Можно было не ходить в школу, потому что с утра ездили на Ваганьково, прибраться на могиле, положить цветы и еловый лапник. Если же школу пропускать не разрешали и ездили на кладбище без меня, то все равно здорово — приходишь из школы, а дома пахнет салатами, на кухне мама и тетя Муза стучат ножами, готовят и ругаются из-за политики.
— Муза, не притворяйся, ты же умный человек, ты все прекрасно понимаешь… Эта партия с этим слабоумным доведут нас до катастрофы… Уже довели! Ты знаешь, что за Уралом маргарин по карточкам?.. Дети в детдомах живут впроголодь!
— Просто поражаюсь, откуда ты берешь эти сведения? Это какие-то американские фальшивки! — обижается тетя Муза.
— Муза, я тебя просто уважать перестану! Вы с Мишей, два ветерана войны, со взрослыми сыновьями, ютитесь в двух комнатах, в пятиэтажке, а как живет всякая райкомовская шушера? Рядом с вашими пятиэтажаками отгрохали целое «Царское село», кто там будет жить? Номенклатура!

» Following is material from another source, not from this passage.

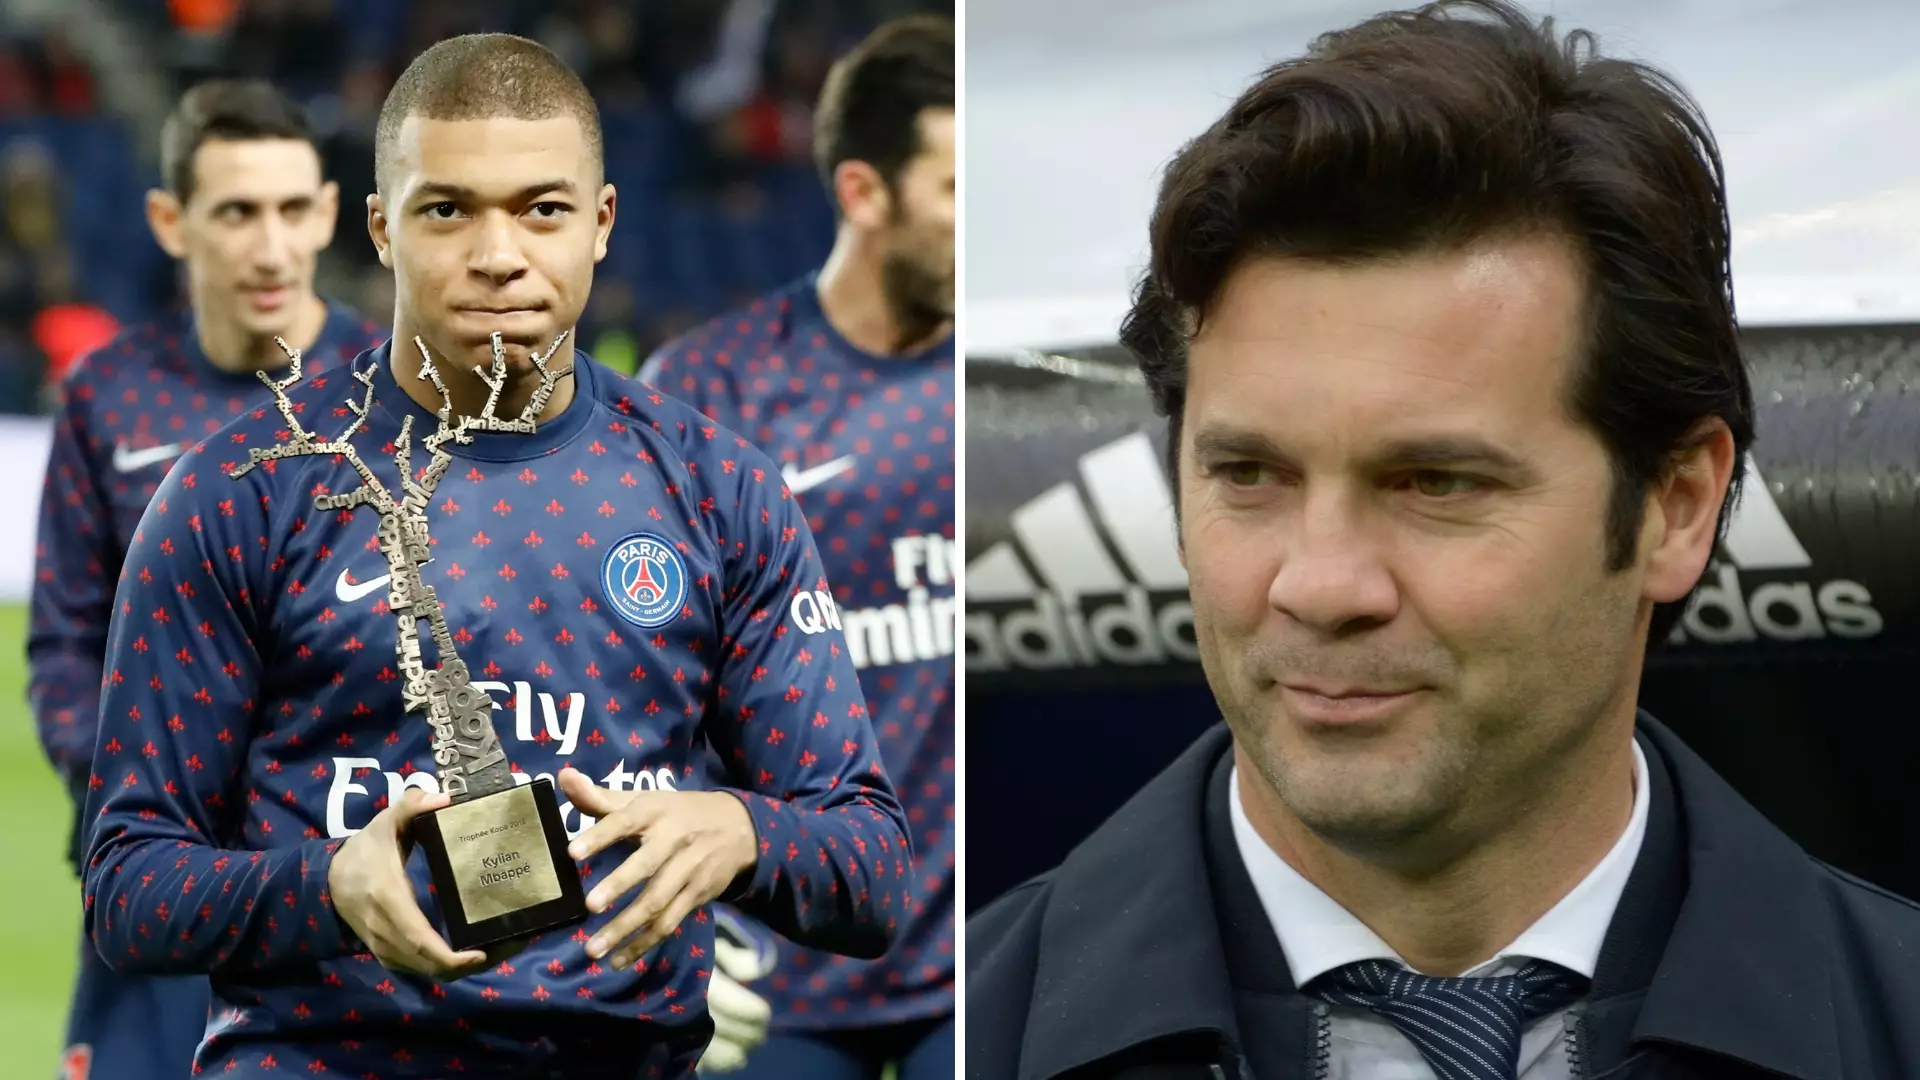 Kylian Mbappe Gives Interesting Response After Reporter Asks About Potential Real Madrid Move

— Алла, я не хочу об этом говорить! — уязвленно восклицает тетя Муза.
— Вот-вот, значит, понимаешь, что вас обманывают, обворовывают…
— Алла, перестань!
И так хорошо становится от их привычной, уютной перепалки, так душевно…
Наконец все салаты выложены в блюда и чаши красивого английского сервиза с бело-синими полями, озерами и замками (мне всегда хотелось уйти туда, в эти тарелки, оказаться у озера), протерты до полной прозрачности все бокалы и рюмки, в большой комнате, папином кабинете, накрыты скатертями два сдвинутых стола, мама переоделась, пахнет духами из клетчатого флакончика, «Кристиан Диор», и стучит по квартире высокими каблуками, мечется, спеша что-то еще украсить, принести, прибрать, и вот раздается звонок в дверь…
Первым приходит кто-то из родственников, дядя Валерик или Леня с Наташей. Леня — старший сын моего папы, он старше меня на двадцать восемь лет (тоже никто не верит, что у меня такой брат). Он толстый, кудрявый и очень добрый, и Наташа тоже, только не кудрявая.
Все приходят с цветами, с конфетами и спиртным, нарядные, женщины прихорашиваются у зеркала в коридоре, кто-то закуривает. В нашей некурящей и непьющей квартире пахнет приятно и непривычно, чужими духами, сигаретами и вином.